Problems reading from files

Discussion in 'C Programming' started by lancer6238@yahoo.com, Aug 25, 2007.

  1. Guest

    Hi all,
    I'm having programs reading from files.

    I have a text file "files.txt" that contains the names of the files to
    be opened, i.e. the contents of files.txt are

    Homo_sapiens.fa
    Rattus_norvegicus.fa

    (They are FA files that can be opened in any text editor.)
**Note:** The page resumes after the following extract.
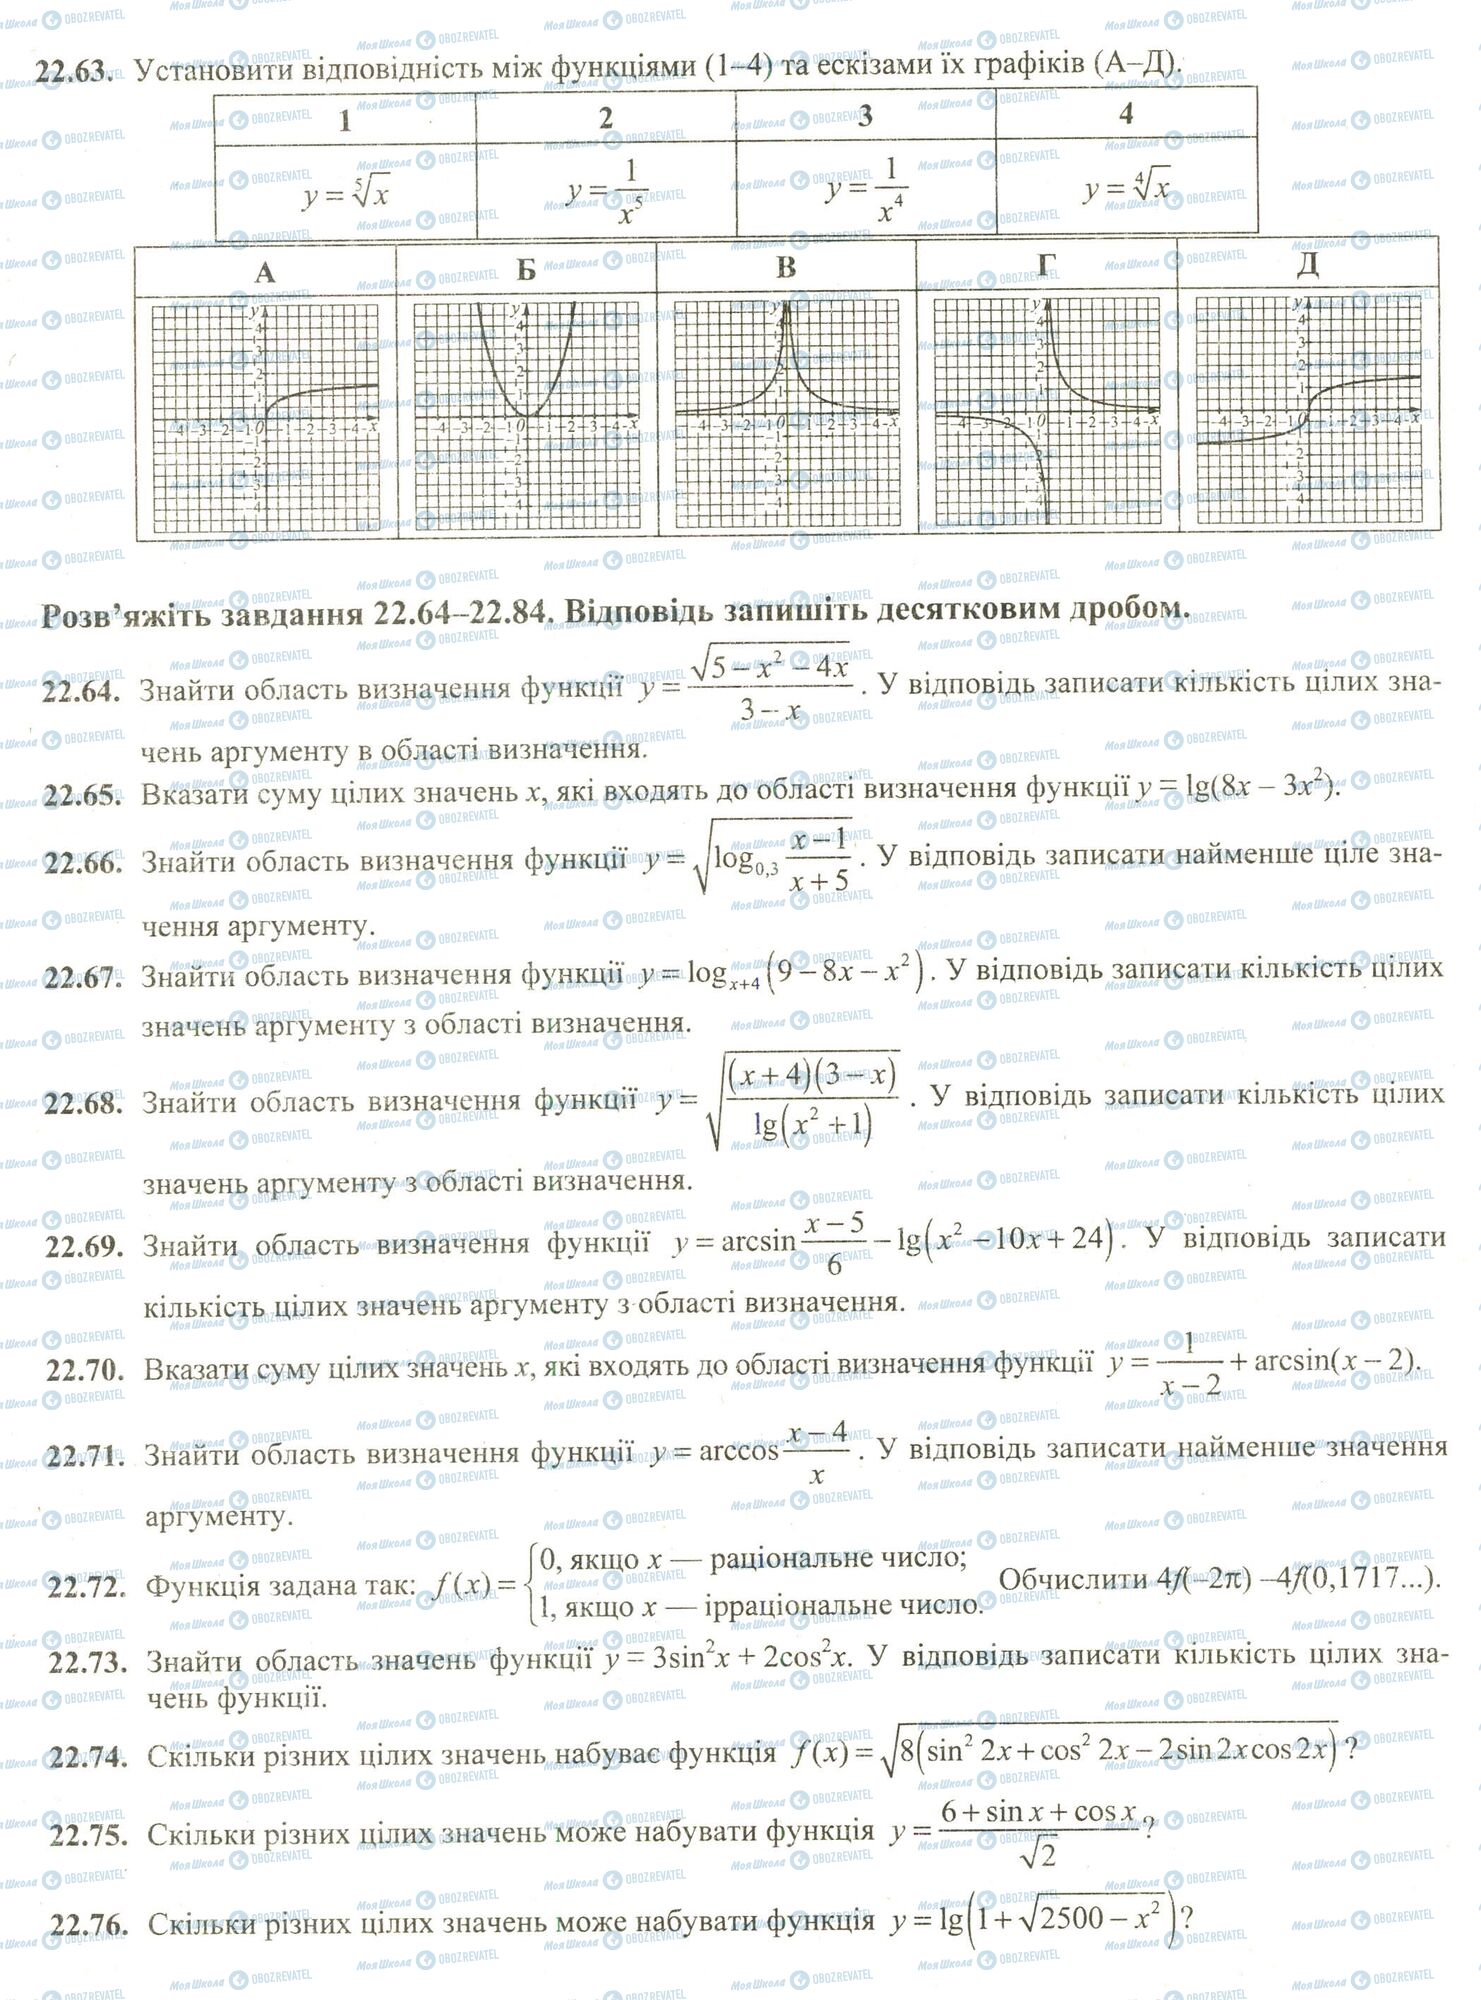 ЗНО Математика 11 класс страница 63-76

    Each of the FA files contains a number in the first line and a string
    of characters (A,T,G or C). For example, the Homo_sapiens.fa file
    would contain

    16571
    GATCACAGGTCTATCACCCTATTAACCACTCACGGGAGCTCTCCATGCATTTGGTATTTT
    CGTCTGGGGGGTGTGCACGCGATAGCATTGCGAGACGCTGGAGCCGGAGCACCCTATGTC
    GCAGTATCTGTCTTTGATTCCTGCCTCATTCTATTATTTATCGCACCTACGTTCAATATT
    ACAGGCGAACATACCTACTAAAGTGTGTTAATTAATTAATGCTTGTAGGACATAATAATA

    and so on, with 16571 A,T,G or Cs.

    Below is my code:

    #include <stdio.h>
    #include <stdlib.h>

    #define MAX_FILE 100 // maximum length of file name
    #define MAX_SEQ 20000 // maximum length of sequence
    #define N 2 // total number of sequences

    int main(void)
    {
    FILE *fin, *fin1, *fout;
    char input[MAX_FILE+1], seq[N][MAX_SEQ+1], c;
    int size[N], i = 0, j = 0;

    fin = fopen("files.txt", "r");
    fout = fopen("output.txt", "w");
    while (fscanf(fin, "%s", input) != EOF)
    {
    fin1 = fopen(input, "r");
    printf("%s\n", input);
    fscanf(fin1, "%d ", &size);
    printf("%d\n", size);
    while ((c = fgetc(fin1)) != EOF)
    {
    fprintf(fout, "%c", c);
    if (c != '\n')
    seq[j] = c;
    j++;
    if (j % 100 == 0)
    printf("%c", seq[j]);
    }
    fprintf(fout, "\n\n");
    j = 0;
    i++;
    }

    fclose(fin);
    fclose(fin1);
    fclose(fout);
    return 0;
    }

    The printf statements for me to check my code.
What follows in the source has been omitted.